I don’t see that you’re saying anything different than what Terr said.
You’re all over the place here.
No one is defending torture “because they feel like it”, or “to satisfy the base desires of those who order it”. The question is if in theory torture would likely be effective at preventing some even greater horror, would it be OK in that circumstance, and if not, then how do we distinguish between that and acts of war which people are OK with in those circumstances.
If you simply disagree that such circumstances ever exist in the case of torture, that’s another story. But I’m specifically addressing someone who said he would be opposed in that hypothetical circumstance.
Exactly. So - deliberate causing of severe pain is not ok. But, according to you, deliberate causing of severe death is, sometimes. Did that misrepresent your view?
But taking an action that causes severe death when the severe death itself is part or all of the reason for the action, due to some perceived benefit from the severe death (such as fewer soldiers on the other side, for example) is ok. Right?
I’m not sure what “severe death” is, for one thing. Do you just mean “death”?
Further, it’s the first use of the word “deliberate” that I’m not sure about. Sometimes it can be okay to take an action that you know will cause severe pain – such as shooting someone who is attacking you.
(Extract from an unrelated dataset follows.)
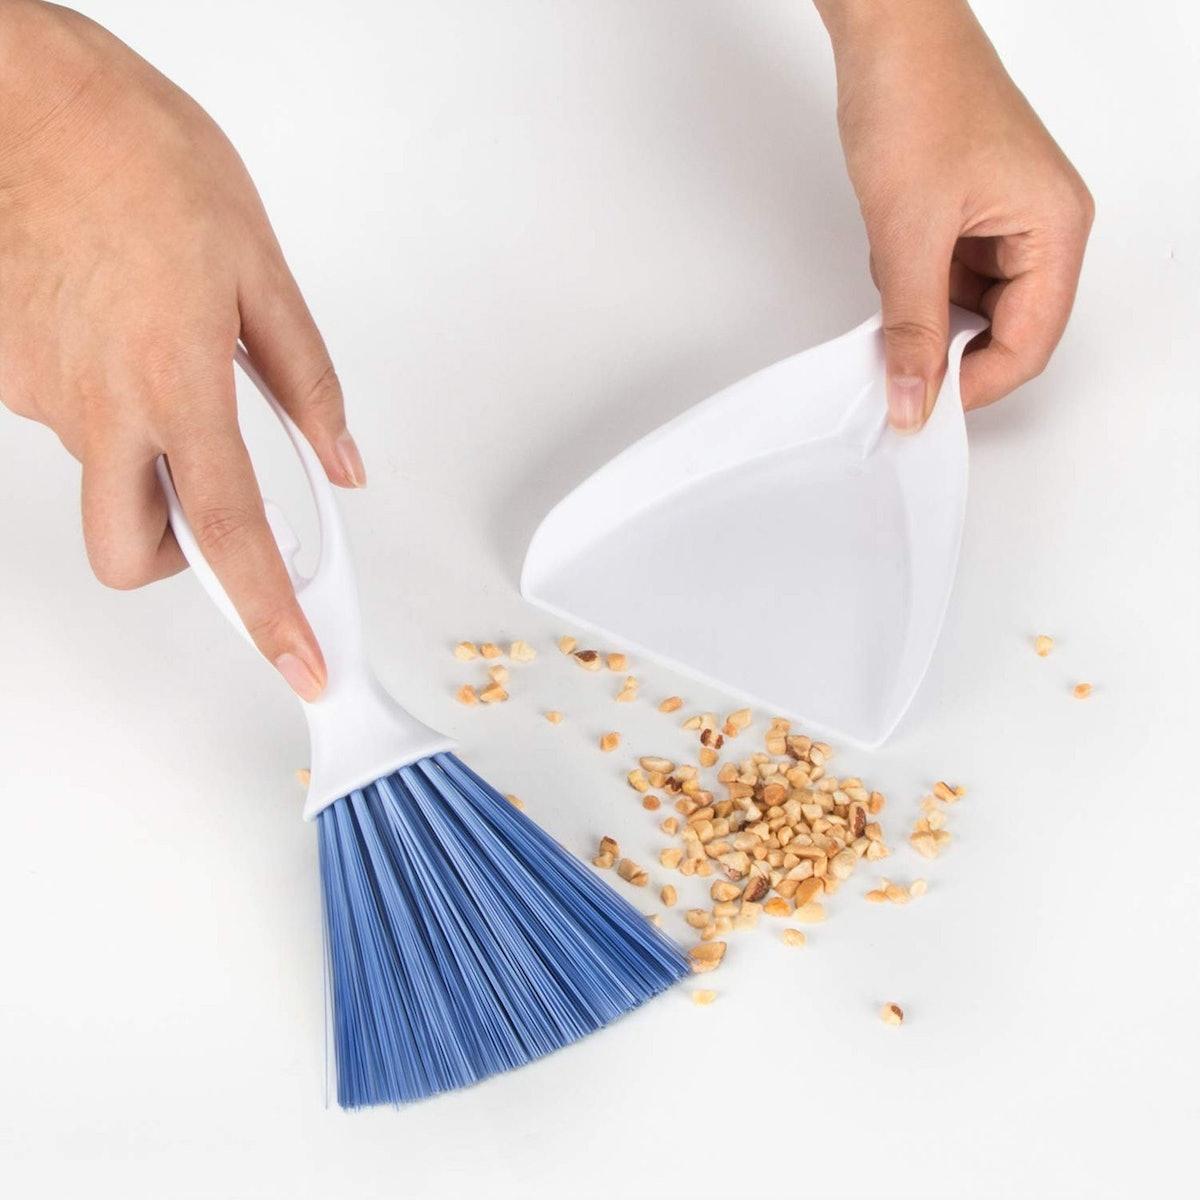 RIZON Hand Broom And Dustpan Set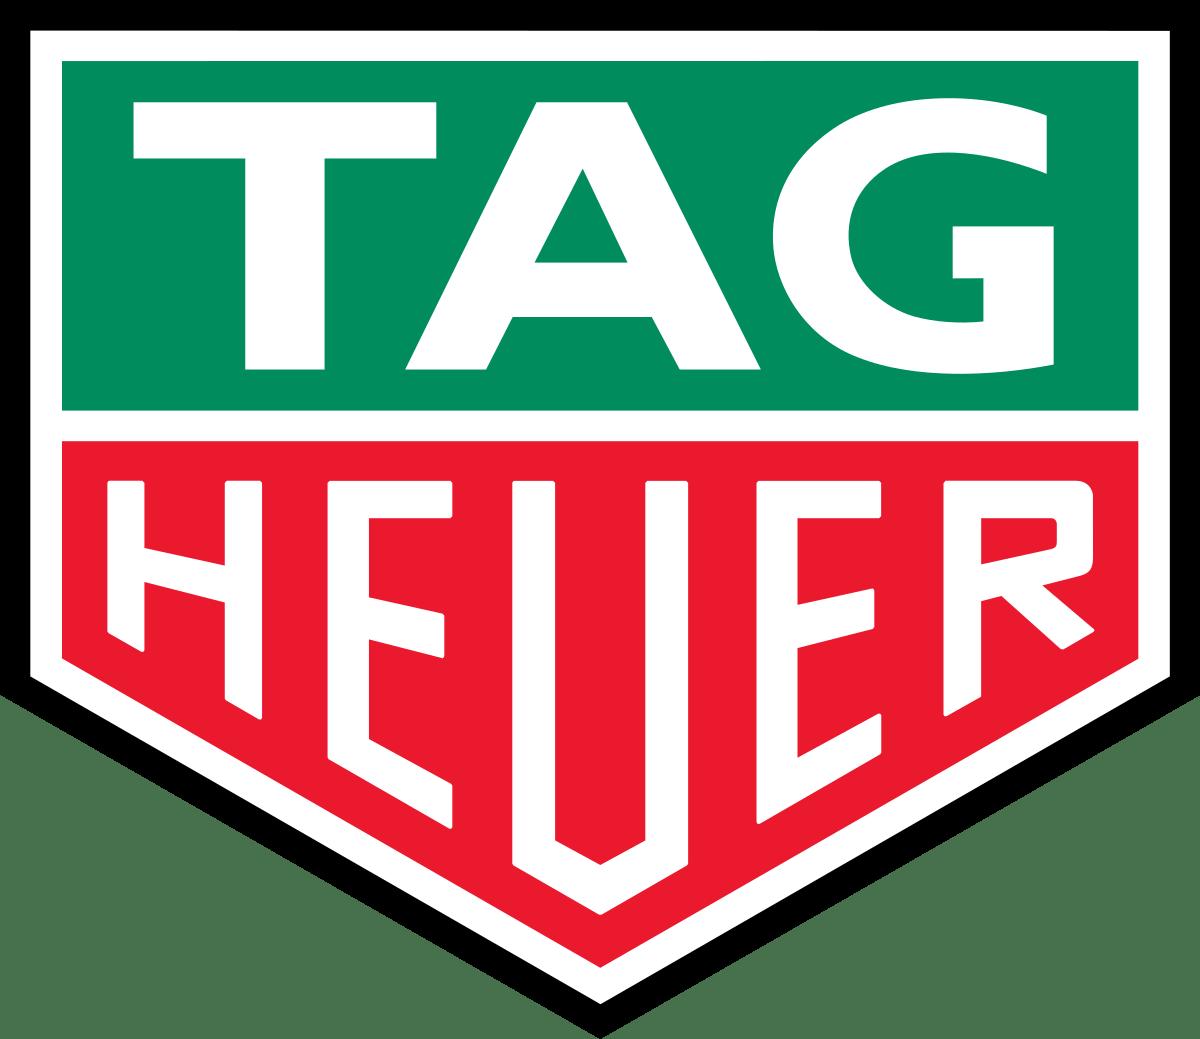 Heuer_Logo_transparent

But never if that severe pain is a necessary part or whole reason for why you take that action.
Again, do you just mean “death”? If so, then yes, there are circumstances in which it’s okay to cause death.
What’s with the repetition of “severe death”? You can just say, “death.”
Yes, sometimes killing enemies in the field can be morally justifiable, whereas torturing a helpless captive cannot. Is this really a strange concept?
ETA: Heh.
On the “rectal feeding”: “CIA records indicate that one of the detainees, Mustafa al-Hawsasi, was later diagnosed with chronic hemorrhoids, an anal fissure, and symptomatic rectal prolapse.”